Se produjo un silencio completo al que se le sumó de a poco un doloroso miedo. El jugador, hasta hace unos minutos exultante, se obligó a no imaginar una traición, pero con cada cuadra que el Audi A8 se tragaba el miedo crecía más y más. Entró en la casa. Buscó en todas y en cada una de las habitaciones, revolvió y vació los cajones y nada. No había rastro alguno que evidenciara que en los ciento ochenta días pasados una mujer hubiese estado allí. Patricia lo había abandonado llevándose con ella el prototipo del proyecto en el que trabajaba, en el que había centrado sus esperanzas de alcanzar de una vez y para siempre la cima de su oficio.

Cayó de rodillas y cubriéndose la cara con ambas manos lloró, con el mismo desconsuelo con el que lo hiciera la noche en la que supo que su abuela había muerto.

El viento que hinchaba las velas de su vida dejó de soplar y todo se oscureció.

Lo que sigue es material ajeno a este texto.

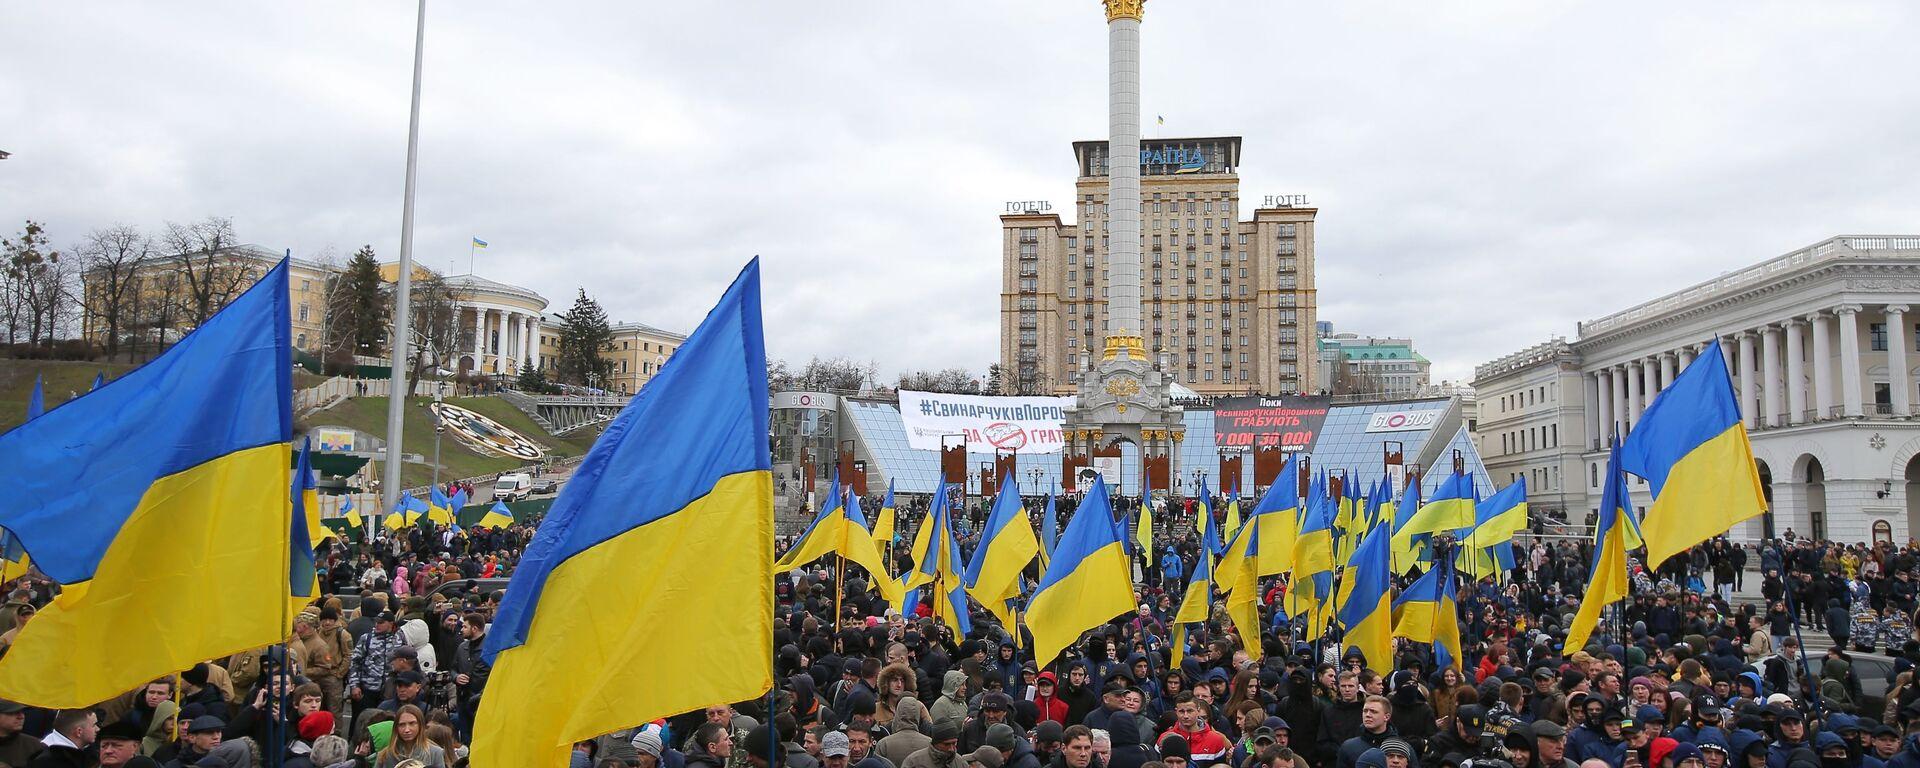 Акция националистов в Киеве - Sputnik Ўзбекистон, 1920, 12.02.2020

La agencia federal de inteligencia gracias a una tarea conjunta con la dirección general de seguridad exterior de Francia supo que el software había sido vendido a un representante de la Societé Nationale Industrielle Aerospatiale, la misma que construyera los misiles Exocets que se utilizaron durante la guerra de Malvinas. La transacción se llevó adelante sin visos de irregularidad, por lo que el gobierno argentino estuvo imposibilitado de realizar algún reclamo y el doctor en ciencias de la computación que una vez fuese una leyenda en el M.I.T., perdió de un solo golpe cualquier prestigio alcanzado, hasta ser dejado de lado como un papel arrugado y sucio.

La noticia apareció durante algunos días en la radio y la televisión, aunque nadie le otorgó demasiada importancia. Los accidentes de tránsito son algo tan habitual como la noche y el día en las grandes ciudades.

Una mañana invernal de lunes, por pura casualidad, Diego Escalante, ahora profesor en una escuela secundaria, se topó con quien fuera su más doloroso amor. Estaba algo cambiada pero sin duda era ella. La persiguió, la alcanzó en la calle, la enfrentó y en el momento preciso la empujó viéndola caer bajo las ruedas de un colectivo.